Published Date: 2019-05-24 | Source: Stephen Gunnion | Author: Stephen Gunnion | Comments

Mediclinic nursing Hirslanden back to health

The private hospitals group says tariff reductions due to regulatory changes will continue to impact its Swiss operation in the short term.

Mediclinic says steps taken to improve the performance of Hirslanden in Switzerland have helped moderate the financial impact of regulatory changes. Unfortunately, they haven't mitigated against a poor first-half performance, with the result that the private hospitals network has weighed on the group's full-year results - including a hefty impairment.

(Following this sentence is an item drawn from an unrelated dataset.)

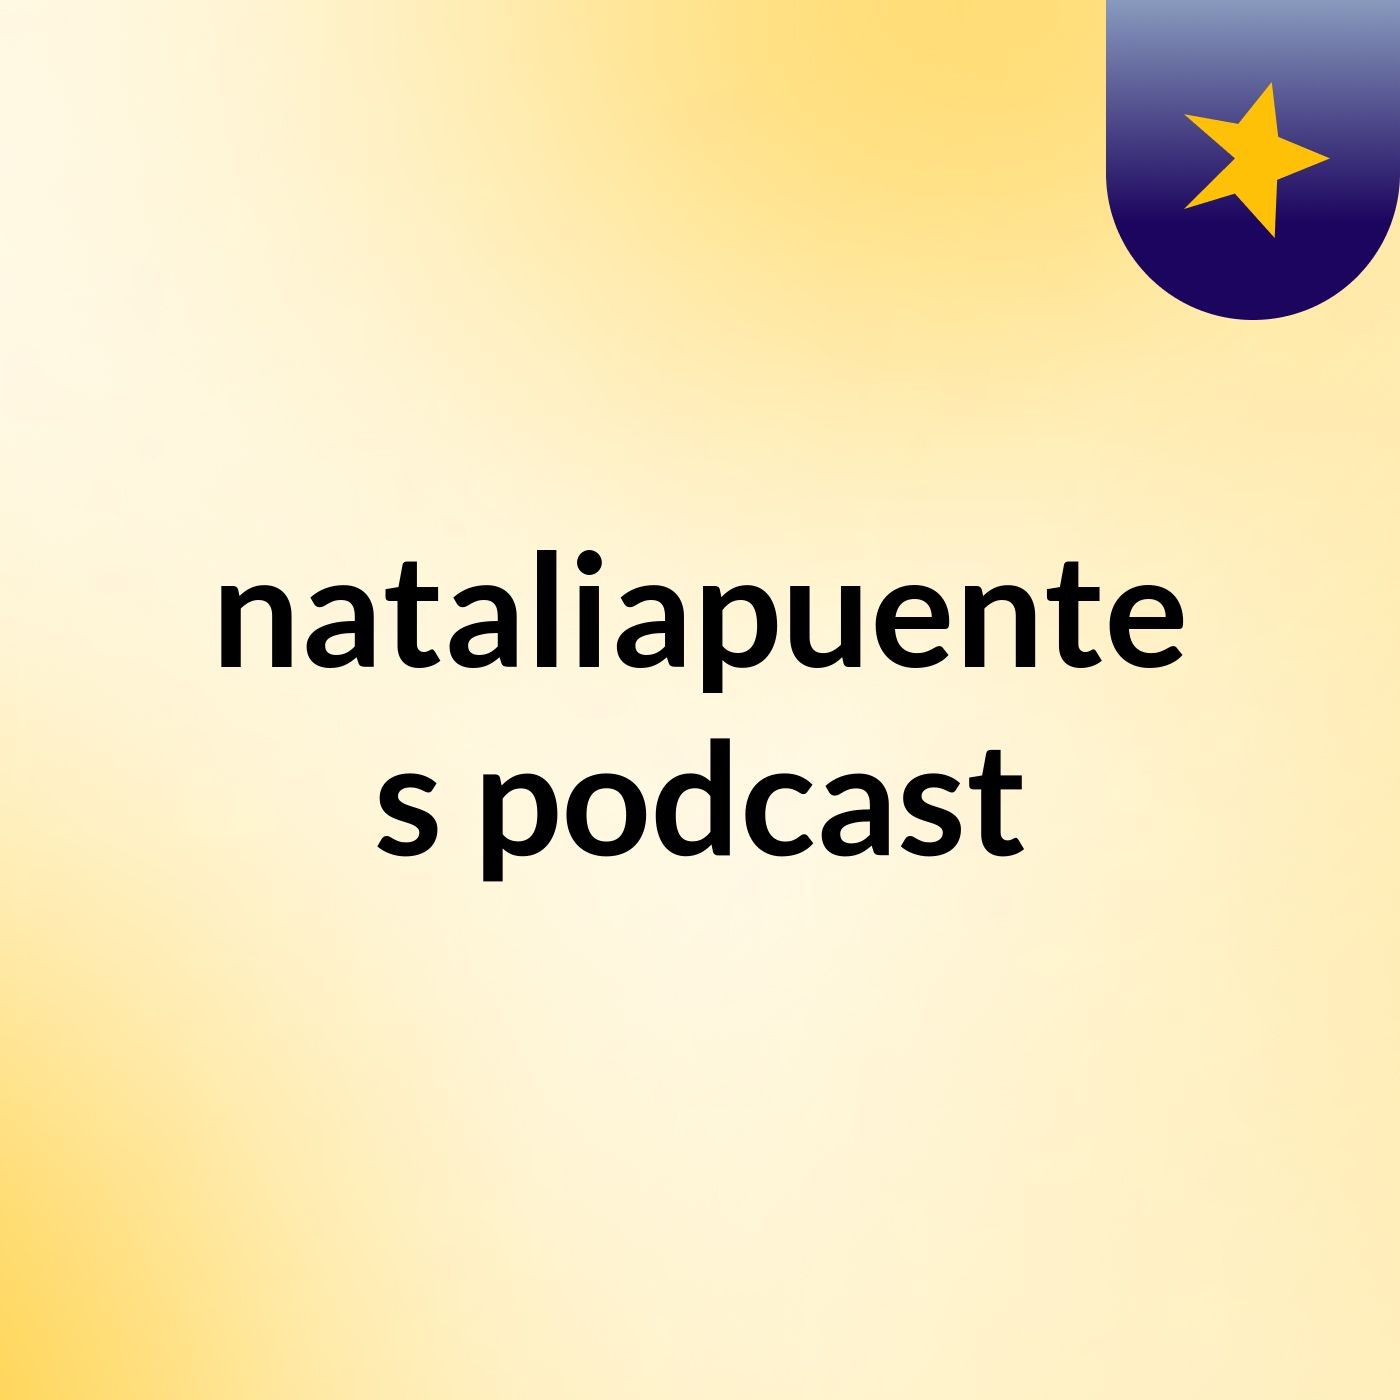 nataliapuente's podcast

CEO Dr Ronnie van der Merwe says all Swiss hospital operators have been affected by rapidly implemented regulatory changes over the last 18 months. The changes relate to outpatient tariff reductions and outmigration of care. In the meantime, the group has continued to invest across all regions, opening several day case clinics in Switzerland and Mediclinic Southern Africa. It also opened the Mediclinic Parkview Hospital in Dubai and integrated new investments into the group.

For the year to end-March, the lower contribution from Hirslanden was offset by an improved second-half performance from its Southern Africa and Middle East operations. In the UK, Spire Healthcare reported a 53% decline in adjusted profit after tax to £27.5 million. The 29.9% stake in Spire is equity accounted. Mediclinic said full-year income from associates was slightly lower at £2.7 million.

Revenue rose 2% to £2.93 billion and was 4% higher in constant currency terms. Adjusted earnings before interest, tax, depreciation, and amortisation (EBITDA) fell 4% to £493 million and was down 2% in constant currency. The group said the decline reflected the impact of the regulatory changes on Hirslanden. Its reported loss of £151 million reflected a non-cash impairment charge on its investment in Spire in the UK as well as impairment charges of £241 million on Hirslanden. Adjusted earnings per share fell 10% to 26.9p and it's maintained its full-year dividend at 7.9p.

Although the group expects Hirslanden to report modest revenue growth in the year ahead, it said the anticipated cost management and efficiency savings it's aiming for are likely to be more than offset by reductions in tariffs and the operational effects of outmigration. Over the medium term, and assuming no further regulatory changes, its operating performance is expected to be supported by benefits from its 2020 strategic project. The project is aimed at accessing the most appropriate outpatient solution for each hospital in the network and increasing efficiencies by implementing standardised systems and processes.

Mediclinic's shares ended 0.4% down at R59.49 yesterday.